8. Kala-azar means black (kala) fever (Azar). These are severe (advanced) cases of visceral leishmaniasis.
   1. Kala-azar or severe visceral leishmaniasis  untreated is typically  fatal due to:
      1. Directly from the disease.
      2. Indirectly from complications, such as hemorrhage or secondary bacterial infection.
      3. If left untreated, the mortality rate may reach 100% within two years (WHO).
9. Pathogenesis of the lesion:
   1. The fly, when biting the host, then amastigotes proliferate.
   2. These are taken up by the macrophages and the endothelium of the small capillaries.
   3. Macrophagic cells cause the lysis of amastigotes.
      1. The organism infects the mononuclear cells of the reticuloendothelial system.
      2. The incubation period varies from 2 weeks to more than 2 years, and mostly is 3 to 8 months.
   4. There is a chronic granulomatous reaction, leading to local nodule formation, which is due to parasite-induced damage.
   5. This may ulcerate, and there is the possibility of pyogenic infection.

Leishmania pathogenesis

Mode of spread:

1. Leishmania spread through the bite of the female sandfly (Phlebotomus).

2. Human is a natural source of a reservoir. Other reservoirs are dogs, wild canines, rodents, and humans.

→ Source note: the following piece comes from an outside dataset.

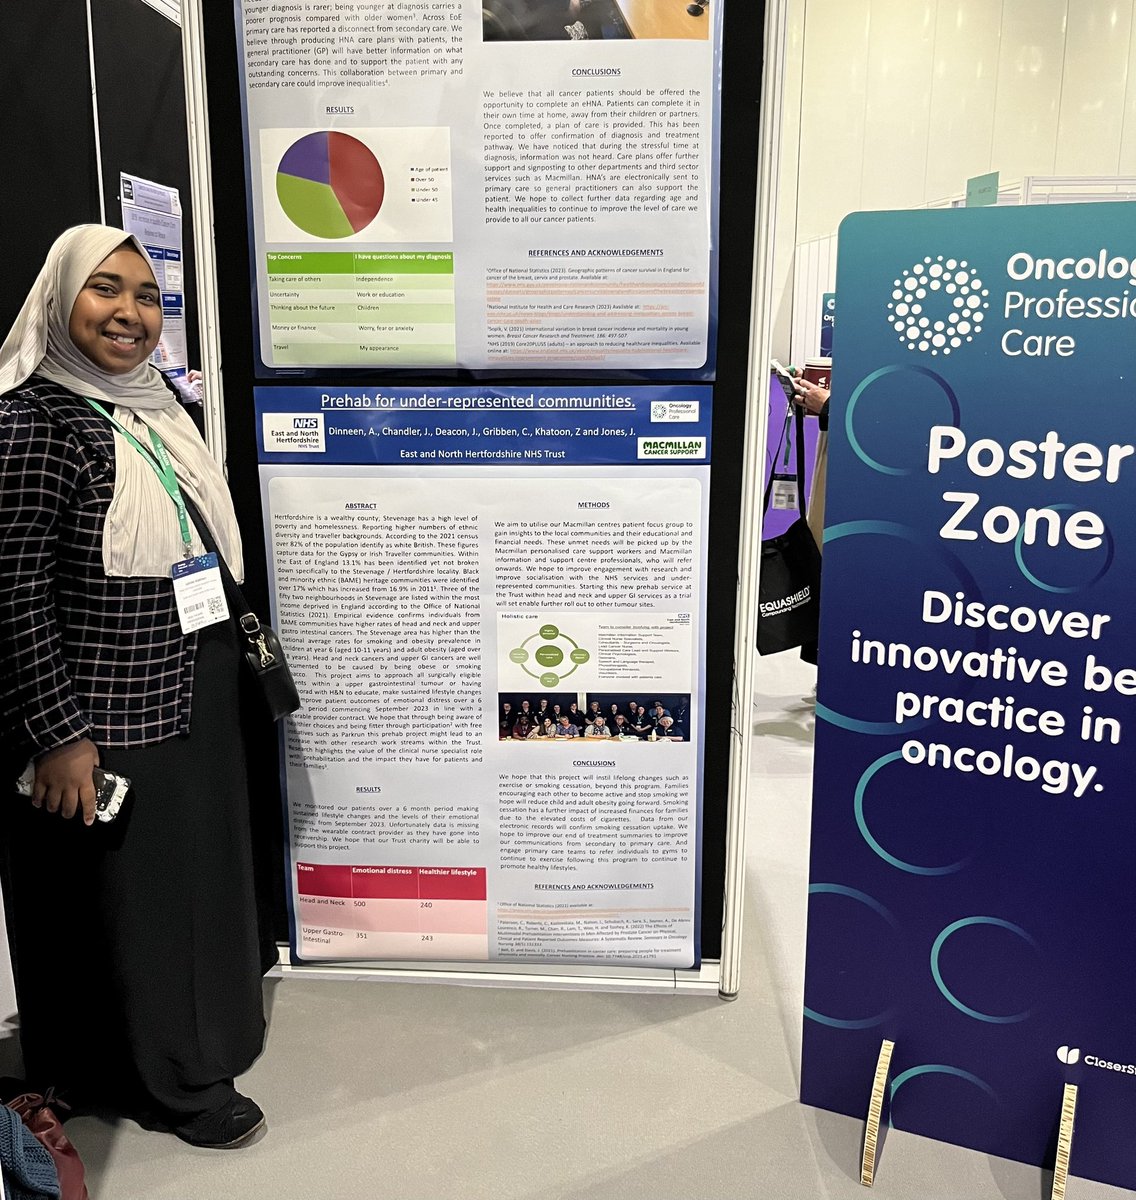 Meet the some of team & view our posters in the poster zone at 12-1 today #OPC24 @oncologycare @macmillancancer @LouizaKribel Shelley, Emo, Rosemary & Zahida @enherts @UKONSmember #PersonalisedCare #Prehab #BreastCancer #UpperGI #HeadandNeck

Laboratory Diagnosis of  Leishmaniasis:

Procedure how to make smear for cutaneous leishmaniasis:

1. If the ulcer is on the arm or feet, then first try to put pressure to stop the blood supply to that area.
2. Now prick and try to get yellow color material or serum-like material.
3. Make a smear from this material.
4. Another method is to take a sample just like Fine needle aspiration (Author personal experience ).
5. The FNA method is done at the periphery of the ulcer and gets a good sample most of the time.

LT smear procedure

Result of cutaneous smears:

1. In a good smear, you will see a lot of LT bodies in the histiocytes and outside on the smear.

LT bodies smear

2. Also,  can find a single separate LT body.
3. Find amastigotes in:
   1. L. tropica is diagnosed by making the smear from the deeper area of the skin lesion.
      1. These smears are stained with Giemsa (or Wright’s) stains.
      2. Typical amastigotes are seen.
4. Material aspirated from the bone marrow (64% to 86% positive), spleen (95 to 98% positive), or enlarged lymph nodes (roughly 64% positive).
5. From nasal secretion.
6. From the buffy coat of peripheral blood (67 to 99% positive).
   1. The culture of aspirates or peripheral blood.
   2. Can find the Leishmania antibody using the known parasitic antigen.
7. Leishmania amastigotes (LT body) are seen in the monocytes, and a few are seen as single in the smear.
8. ELIZA and indirect fluorescent antibody assay.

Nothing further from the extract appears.